The first year of the training was a kind of religious boot camp.  It was divided into the postulancy and the novitiate.  The postulancy was three months in a hot Winona Minnesota summer after which time you assumed a different name and were given a religious habit.

My new name was Brother Terrence Bruce, after a couple of high school buddies.  The robe or religious habit was a plain, black, floor length robe with what looked like two white index cardsunder the neck in front.

Our days were filled with prayer.  We rose at 5:30 AM and were in chapel by ten to six.  The first twenty minutes was devoted to mental prayer. Six AM was awfully early for most of us, so we could stand during meditation if we needed to stay awake. After mental prayer came the office, a recitation of psalms chorally, mass, and then breakfast.

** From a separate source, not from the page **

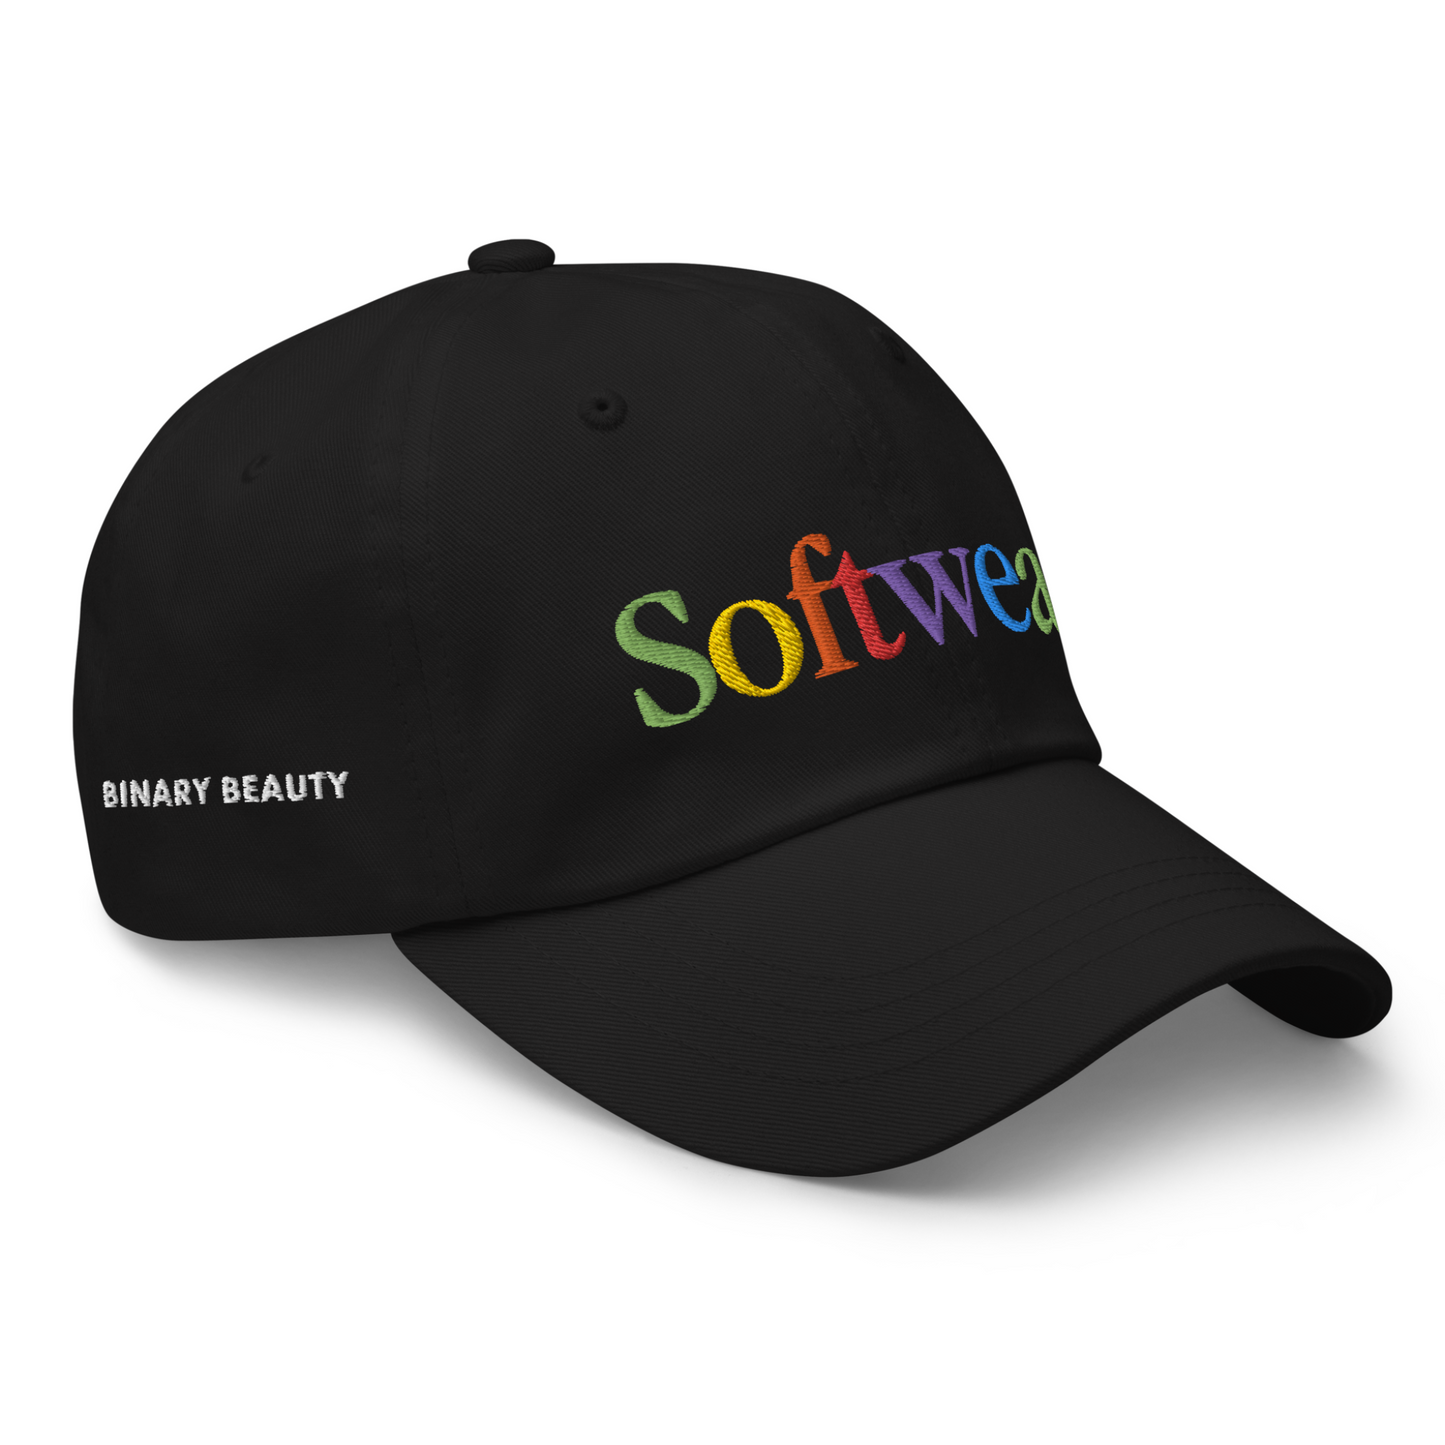 Softwear Apple x Pride Hat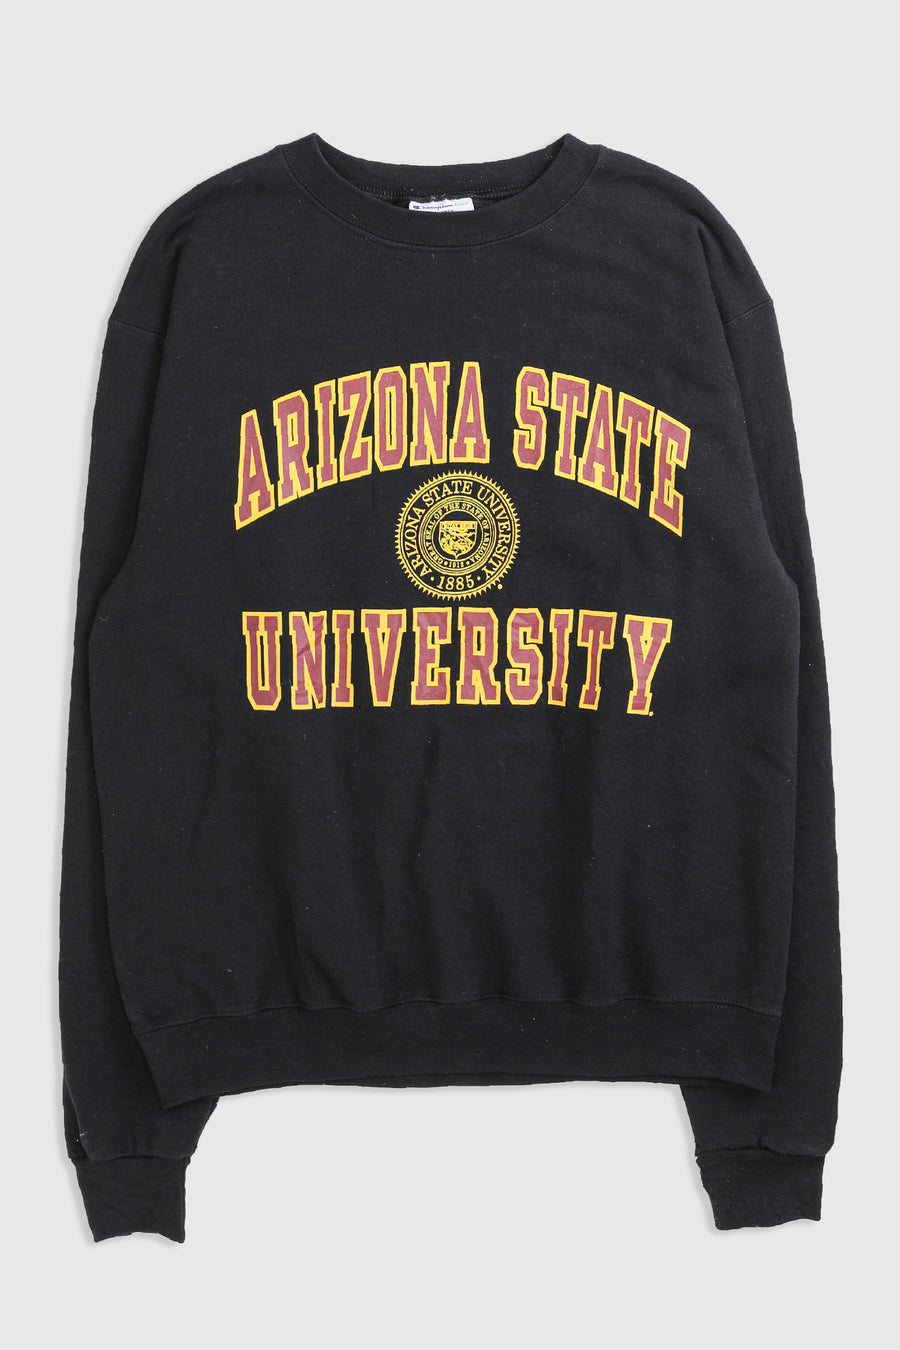 Vintage Arizona State Sweatshirt

Throughout the day we would interrupt study and work, mostly housekeeping chores, to
pray.  At the end of the year I had callouses on my knees.

Most of our day was spent in silence; the rule of the house.  The quiet provided the opportunity for thoughtful reflection on scripture and spirituality classes, not distracted by conversation. The rule was not in force during recreation, a great deal of soccer was played, and on occasion during meals when the superior of the house felt discussion was appropriate.

The world we lived in was a naive one in some ways. We were insulated from the struggles of our peers.  That however, was the purpose of the retreat.  The self-examination was a luxury that few young men of that age have the time to engage in.  It was also an experience in communal living, at a very intense and personal level.

When life gets nuts like it frequently does, I think about the quiet of that period and the chance to dream, to examine the larger questions of life..  I hope someday to be able to return in some small measure to that luxury.